(September 19, 2000) The WTO Appellate Body upheld a dispute resolution panel decision that the section of the Canadian Patent Act which provides for a term of 17 years from the date of issuance violates Canada's obligations under the TRIPS Agreement.
The World Trade Organization (WTO) Agreement on Trade-Related Aspects of Intellectual Property Rights (TRIPS) Agreement provides for patents terms of 20 years from the date of filing. However, the Canadian Patent Act provides that the term of patents based on applications filed before October 1, 1989, is 17 years from the date that the patent is issued.
The U.S. complained to the WTO. On May 5, 2000 a dispute resolution panel agreed with the U.S. Canada appealed. On September 18 the WTO Appellate Body affirmed the decision of the dispute resolution panel.
"The merits of this dispute have long been clear: Canada must provide 20 years of patent protection, as required by the TRIPS Agreement," said USTR Charlene Barshefsky in a press release. "We expect Canada to comply promptly and fully with this ruling."
The Canadian Patent Act provides for terms of 20 years from the date of application for patents issued since 1989. However, for patents issued before November 1, 1989, the term is only 17 years from the date of issuance of the patent. These are sometimes referred to as "Old Act" patents.
Article 33 of the TRIPS Agreement states that "The term of protection available shall not end before the expiration of a period of twenty years counted from the filing date."
The Canadian patent office estimates that when the TRIPS agreement took effect in Canada in 1996 there were 236,431 Old Act patents. Of these, 142,494 had terms that would not, assuming that annual maintenance fees were paid, expire until, or until well after, the expiration of the 20-year period. Conversely, 93,937 of the Old Act patents then in existence had terms that would, assuming the payment of annual maintenance fees, expire in less than the 20 year period measured from their application dates.
The U.S. challenged Section 45 of Canada's Patent Act on the basis that the patent protection term of 17 years from the date of grant for those patent applications that were filed before October 1989 often ends before 20 years from the date of filing.

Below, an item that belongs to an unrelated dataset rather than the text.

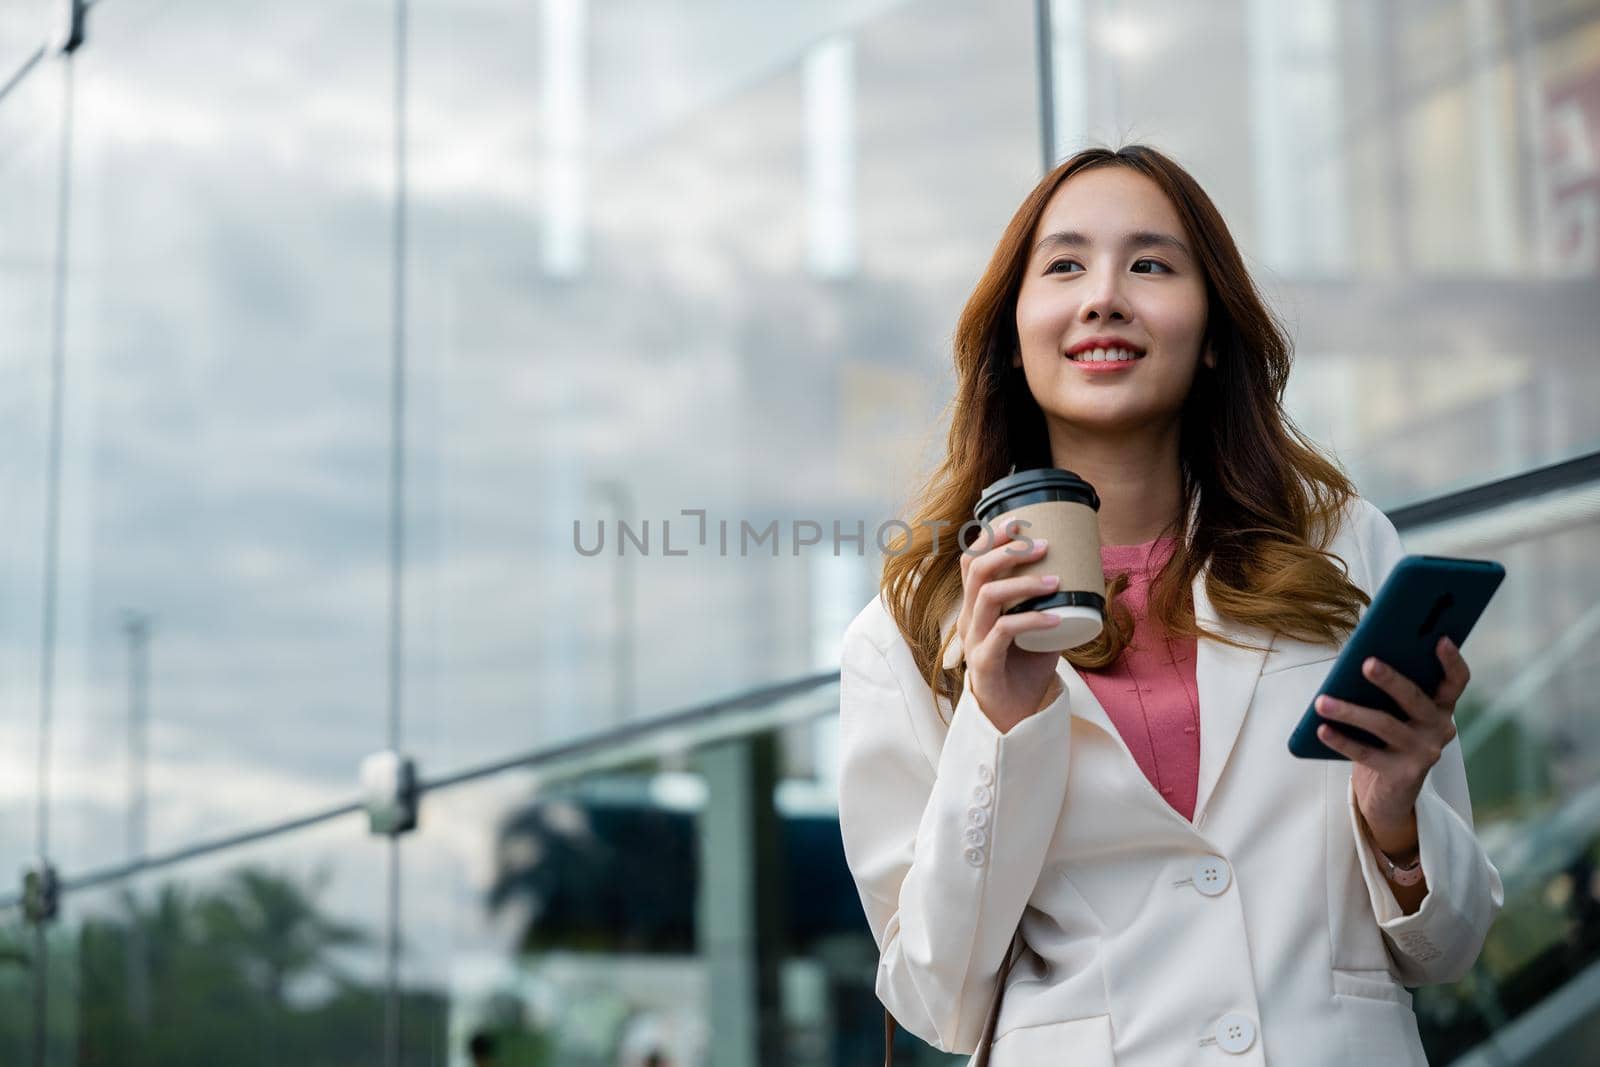 Young business woman smiling holding mobile phone with coffee take away going to work early in morning, Asian businesswoman with smartphone and cup coffee standing against street building near office

The U.S. argued that pursuant to Articles 33 and 70.2 of the TRIPS Agreement, Canada is required to make available a term of protection that does not end before 20 years from the date of filing to all inventions which enjoyed patent protection on January 1, 1996, including those protected by Old Act.
Canada argued that its Patent Act is equivalent or superior to, and is consistent and in conformity with, the term of patent protection described by Article 33. It also argued that the TRIPS Agreement is not retroactive to patents issued prior to January 1, 1996.
The Dispute Resolution Panel agreed with the U.S. position, that Article 33 does apply retroactively to Canada's "Old Act" patents, and that Canada's patent term for these "Old Act" patents violates Article 33. Consequently, the Panel required Canada to bring its patent term for "Old Act" patents into conformity with the TRIPS Agreement.
On September 18, 2000 the Appellate Body upheld the Panel both as to the retroactive application of the TRIPS Agreement, and as to the term length.
The Appellate Body was comprised of Julio Lacarte-Muró, James Bacchus, and A.V. Ganesan.